An enhanced neuro-adaptive PID sliding mode control for robot manipulators:promoting sustainable automation

The control of robot manipulators presents significant challenges, primarily due to their complex, nonlinear dynamics. Another major difficulty arises from environmental and operational disturbances. Numerous control frameworks and approaches have been proposed in the literature to address these issues. However, many of these approaches are discontinuous or non-adaptive, which negatively affects their performance and makes them unsuitable for real-time applications. This paper proposes a novel integrated control scheme that combines adaptive control with an improved continuous second-order sliding mode control (CSOS), utilizing generalized artificial neural networks (GANN) for enhanced performance in robot manipulators.
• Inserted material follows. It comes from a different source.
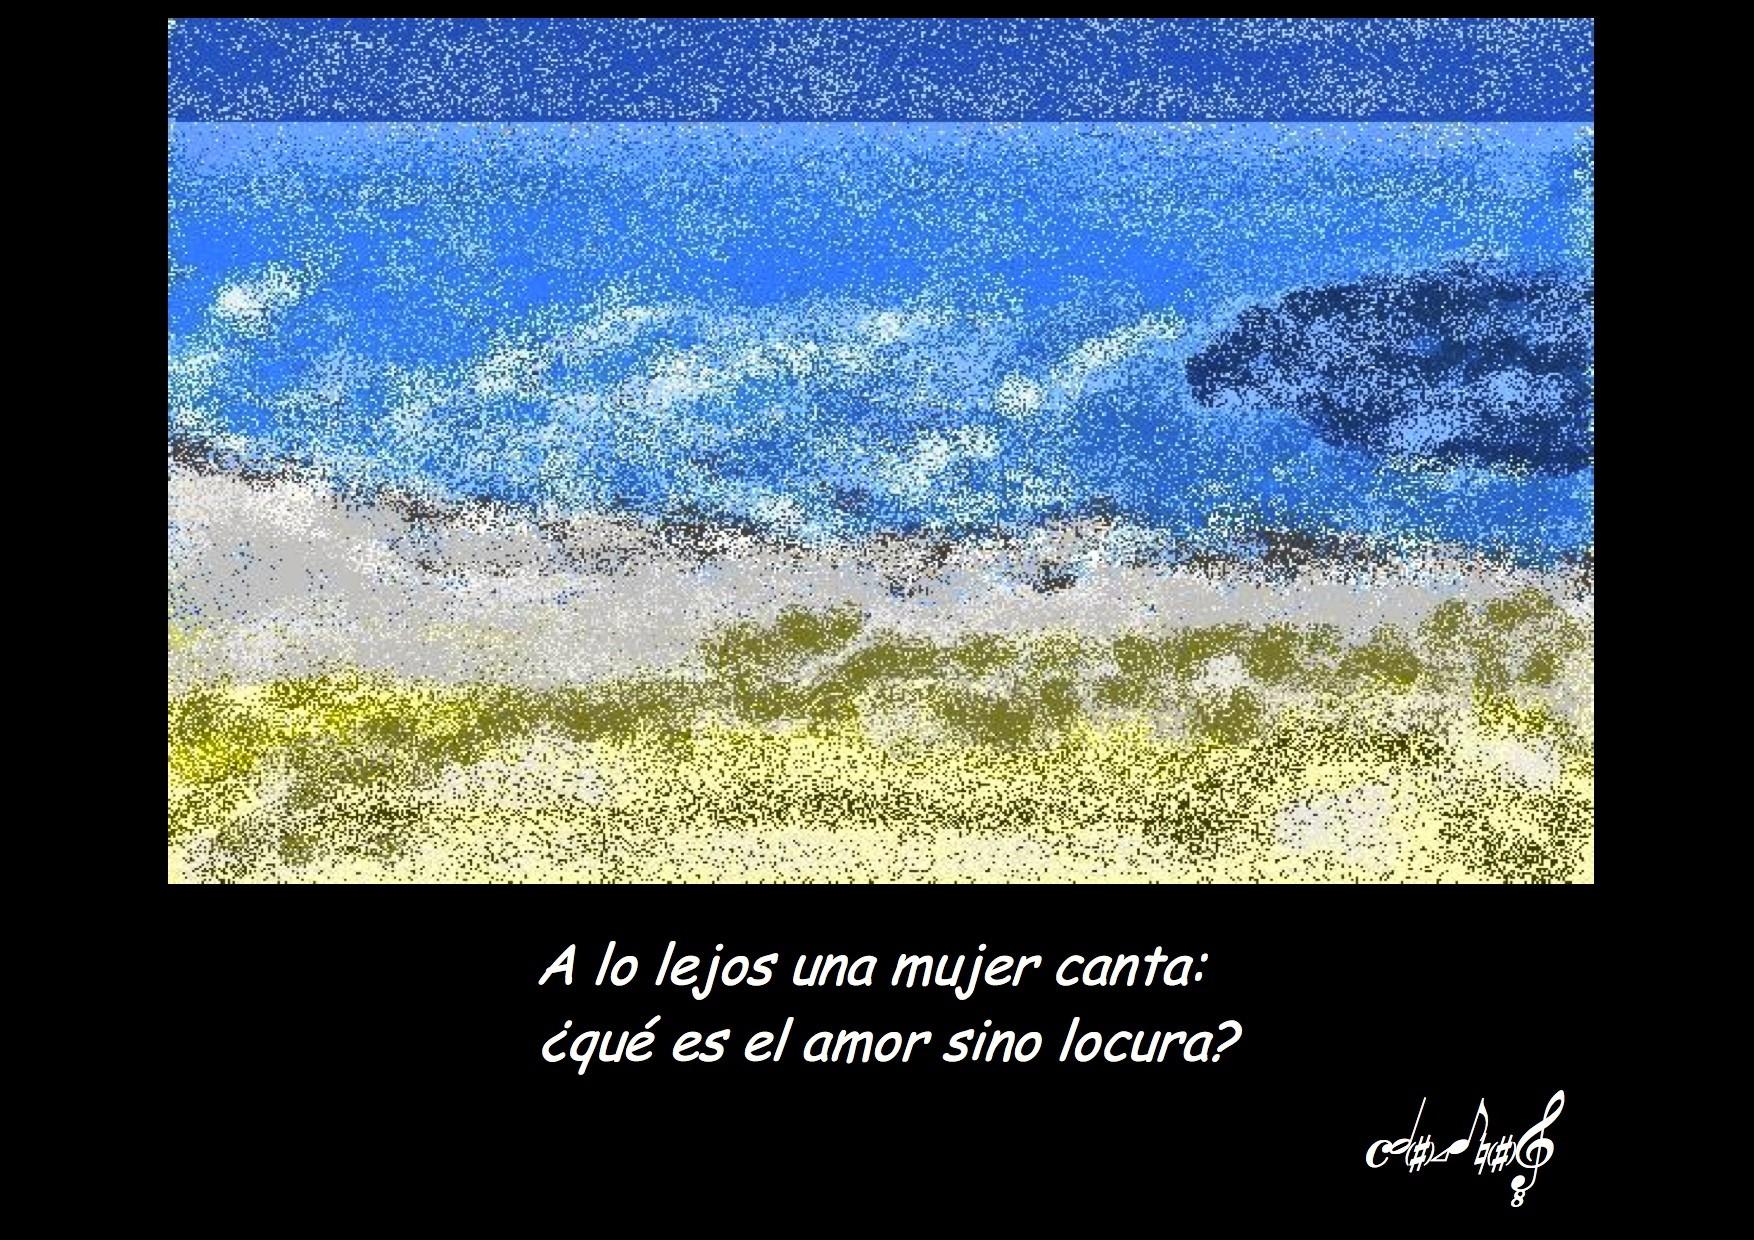 POEMAS_PINTURAS_alolejos de_Chalena

The proposed control method consists of two key components: An adaptive proportional-integral-derivative (PID) controller and an adaptive CSOS-based control module (CSOSSD-APID), designed to deliver superior transient and steady-state performance. In this approach, the adaptive CSOS benefits from GANN’s strong noise handling capabilities and its ability to estimate uncertainties effectively. This integration significantly enhances the robustness of robot manipulator control across various tracking tasks, using a single pre-trained GANN model with fine-tuned weights tailored to each task. Numerical simulations demonstrate the effectiveness and versatility of the proposed control scheme, particularly in managing highly time-varying trajectories while contributing to more sustainable and efficient automation practices. © The Author(s), under exclusive licence to Springer-Verlag London Ltd., part of Springer Nature 2025.